We created a 'dup_id' column containing a boolean of whether or not the 'id' value was unique to the dataset. This column was used to find instances of properties with multipe transactions in our dataset.

In [None]:
#finding list of duplicate ID values
housing_dupes = housing
housing_dupes["dup_id"] = housing_dupes['id'].duplicated()
housing_dupes[housing_dupes["dup_id"]==True]['id']

In [None]:
duplicate_id_values = list(housing_dupes[housing_dupes["dup_id"]==True]['id'].values)

In [None]:
#investigating a few duplicate values
housing[housing['id']==duplicate_id_values[2]]

Other examples of multiple id instances aligned with our expectations for consistent column values.

### Creating Additional Feature Columns

Additional features we wanted to investigate in our model were the age of the house at time of sale and the age of renovation at time of sale.

'age_at_sale' was calculated by subtracting the 'yr_built' from the 'date'.

'age_of_renovation' was calculated by subtrating the 'yr_renovated' from the 'date'.

In [None]:
#date is stored as a string type object in M/D/Y format
housing['date']

In [None]:
#creating age column based on yr_built and yr_renovated
housing['age_at_sale'] = (housing['date'].str[-4:].astype(int) - housing['yr_built']).astype(int)

housing['age_renovation_at_sale'] = (housing['date'].str[-4:].astype(int) - housing['yr_renovated']).astype(int)

In [None]:
housing.head()

### Our Cleaned Data

In [None]:
housing.info()

In [None]:
housing.columns

After cleaning, our dataframe had all null values replaced. 

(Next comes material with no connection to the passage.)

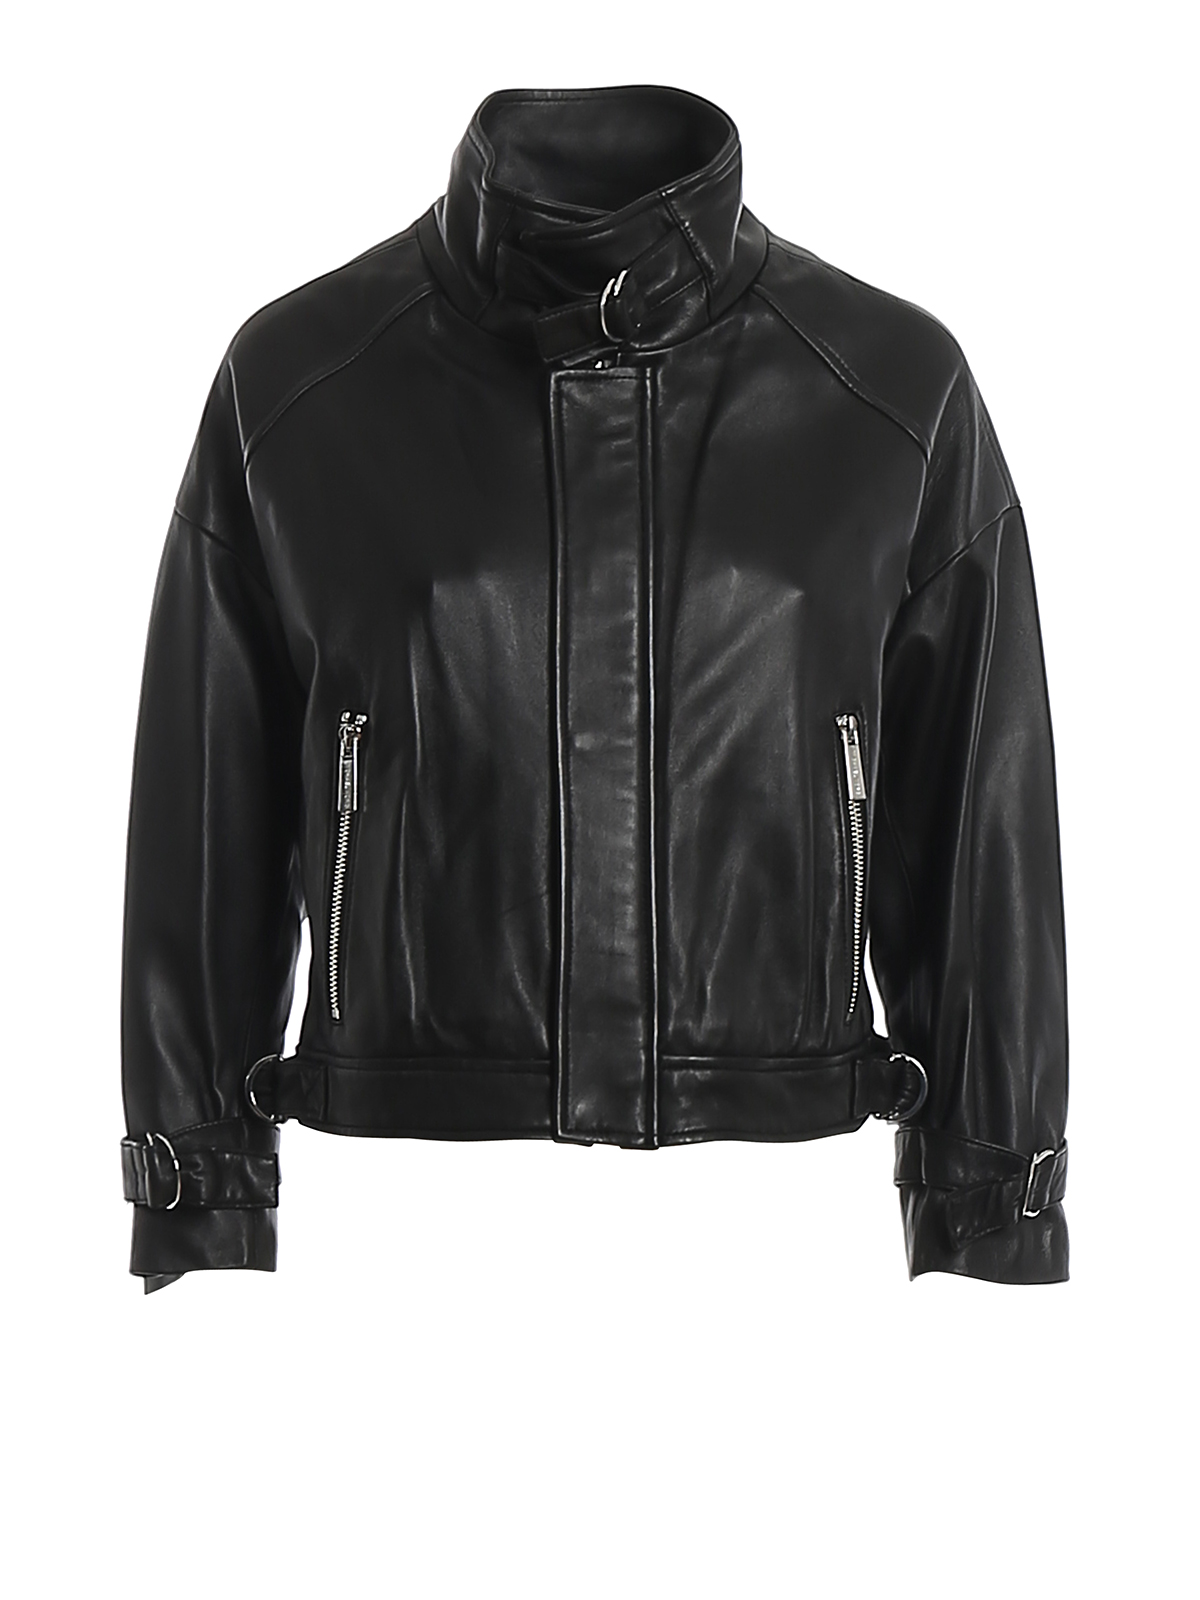 Michael Kors Leather Knittrim Motorcycle Jacket in Black  Lyst
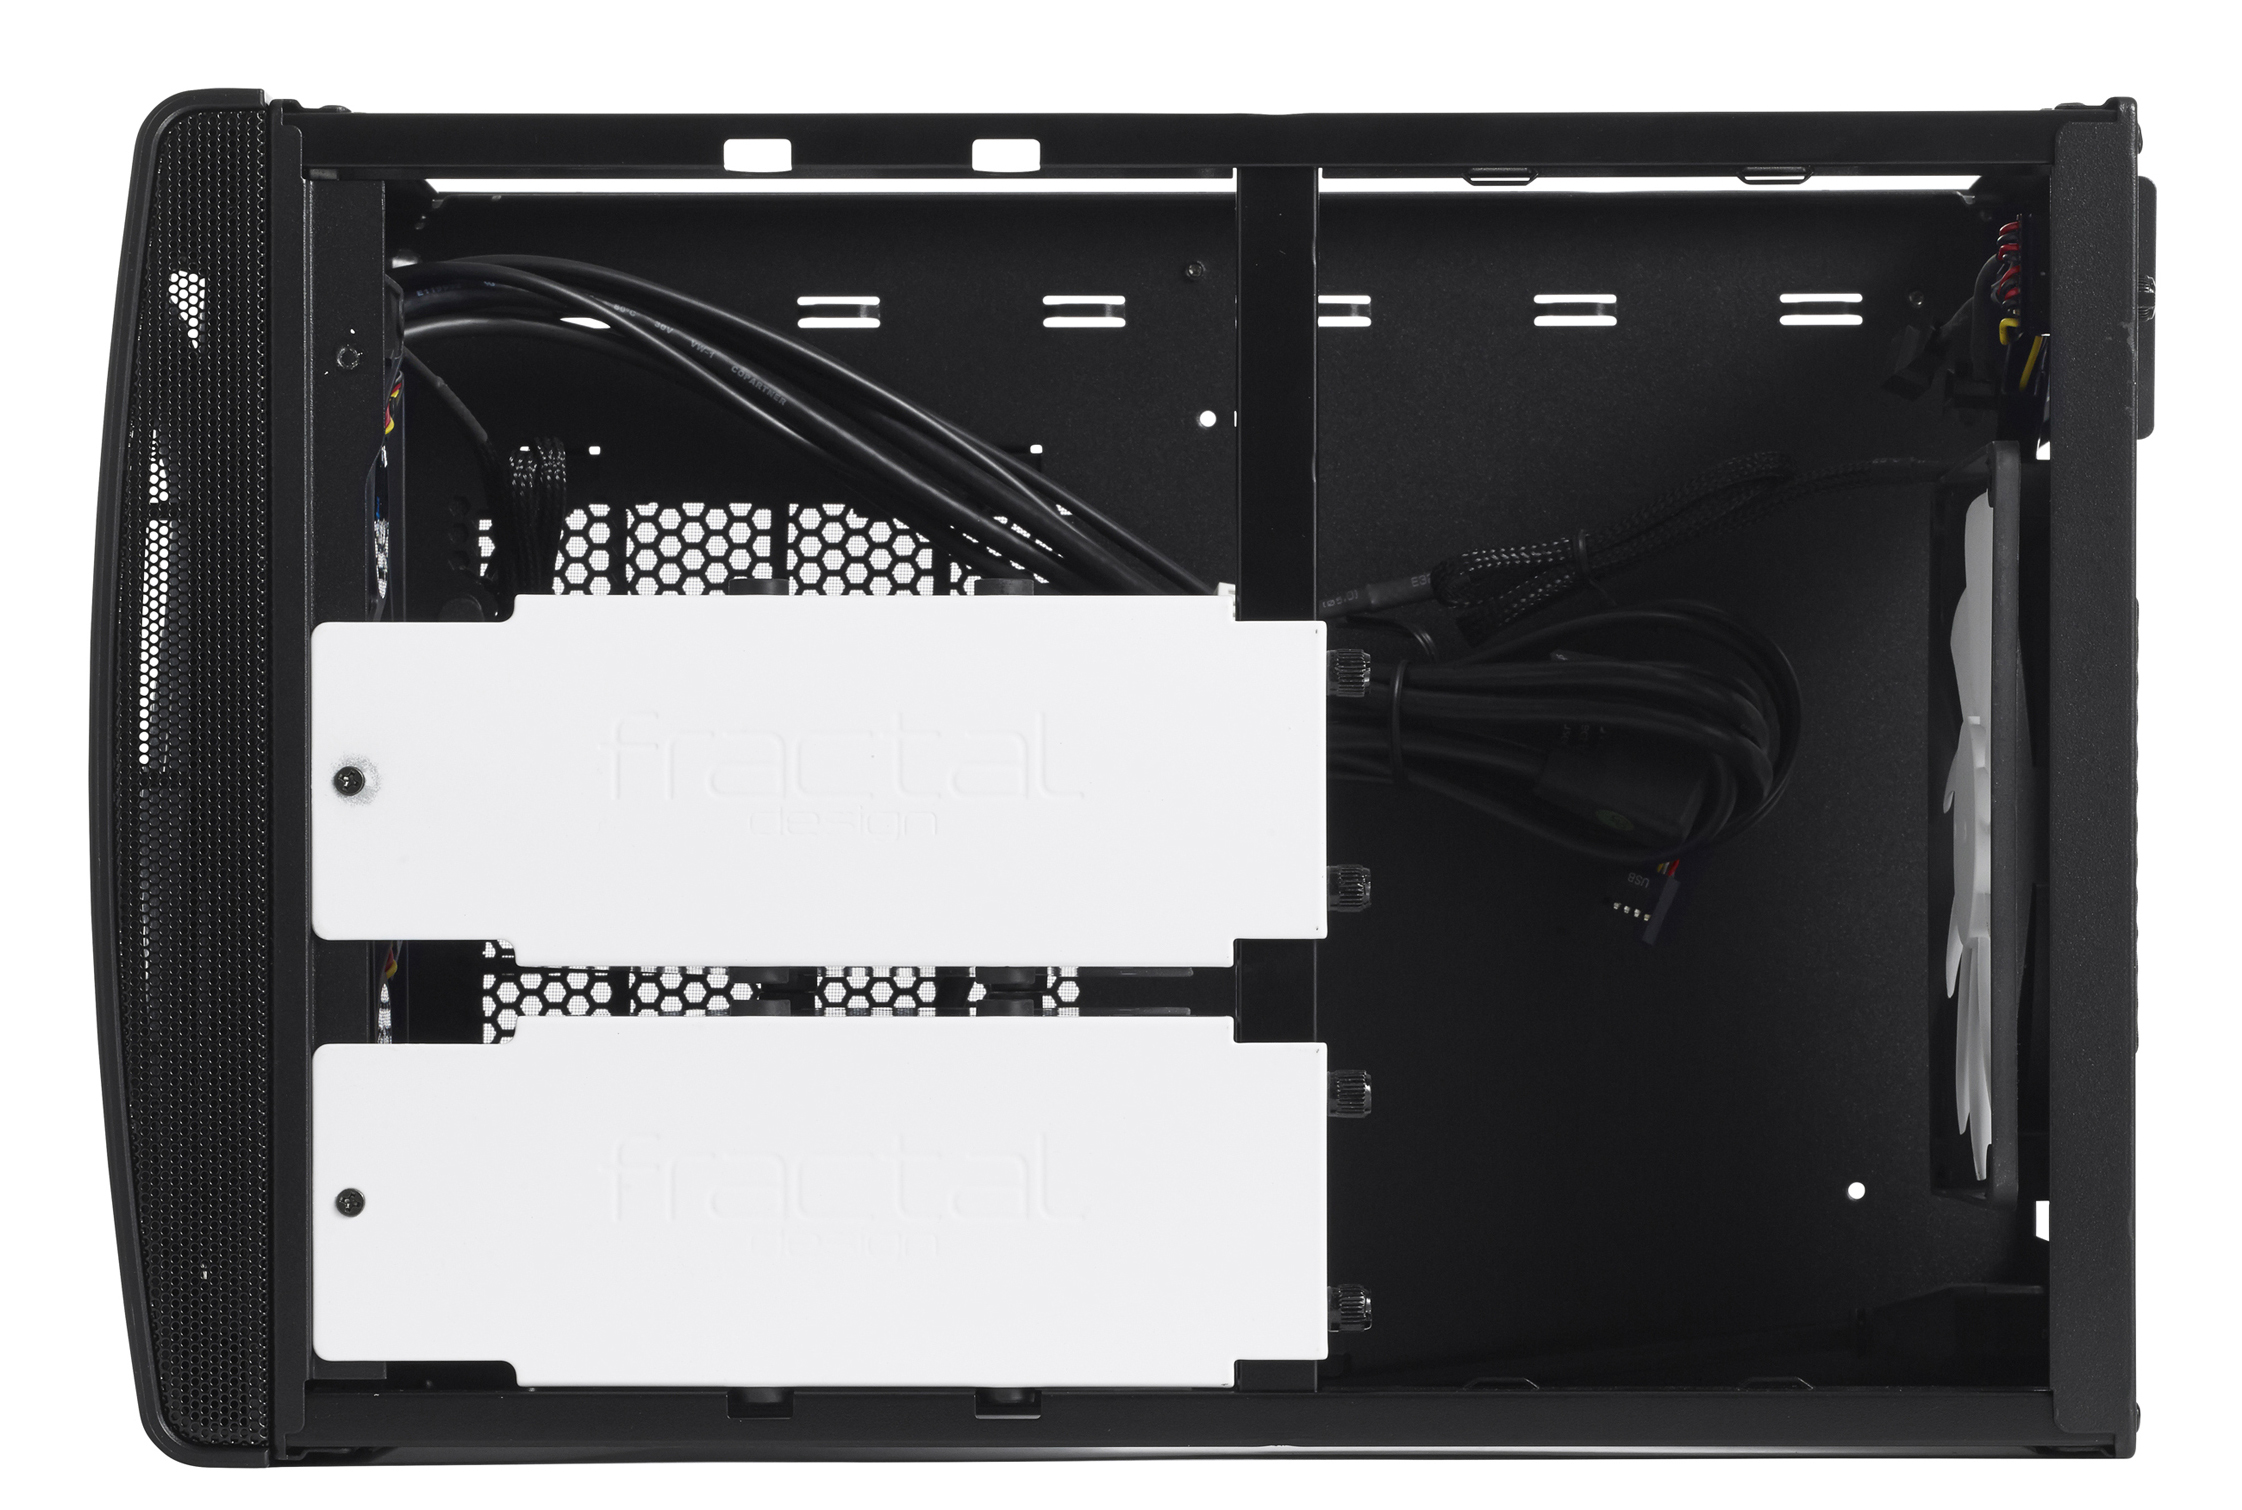 Fractal Design - Caixa Mini-ITX Fractal Design Node 304 black

5 additional columns were created: 'was_renovated', 'sqft_basement2', 'dup_id', 'age_at_sale', and 'age_renovation_at_sale'.

We saved our cleaned dataframe with additional columns as a separate file in the 'data' folder in this project's GitHub repository.

In [None]:
#exporting cleaned data frame
housing.to_csv('./data/kc_house_data_cleaned.csv')

## Feature Analysis
Let's further explore some of our variables.

In [None]:
![housing_location](./images/housing_location.png)

In [None]:
![housing_location](./images/housing_location.png)

In [None]:
##using QGIS import create distance from waterbody column.
cleaned_housing = pd.read_csv('data/kc_water_dist_homes.csv')
cleaned_housing.head()

In [None]:
min = cleaned_housing['price'].min()
max = cleaned_housing['price'].max()
mean = cleaned_housing['price'].mean()

print (f"The sale price range of homes sold is {min} to {max}")
print (f"The mean sale price of homes was {mean}")

In [None]:
sns.distplot(cleaned_housing['price']);

In [None]:
label = cleaned_housing['price']
fig, ax = plt.subplots(2, 1, figsize = (9,12))

# Plot the histogram   
ax[0].hist(label, bins=100)
ax[0].set_ylabel('Frequency')
ax[0].axvline(label.mean(), color='magenta', linestyle='dashed', linewidth=4)
ax[0].axvline(label.median(), color='cyan', linestyle='dashed', linewidth=4)

# Plot the boxplot   
ax[1].boxplot(label, vert=False)
ax[1].set_xlabel('price')
fig.suptitle('Price Distribution');

In [None]:
print ('Skewness =', stats.skew(cleaned_housing['price']))
print ('Kurtosis =', stats.kurtosis(cleaned_housing['price']))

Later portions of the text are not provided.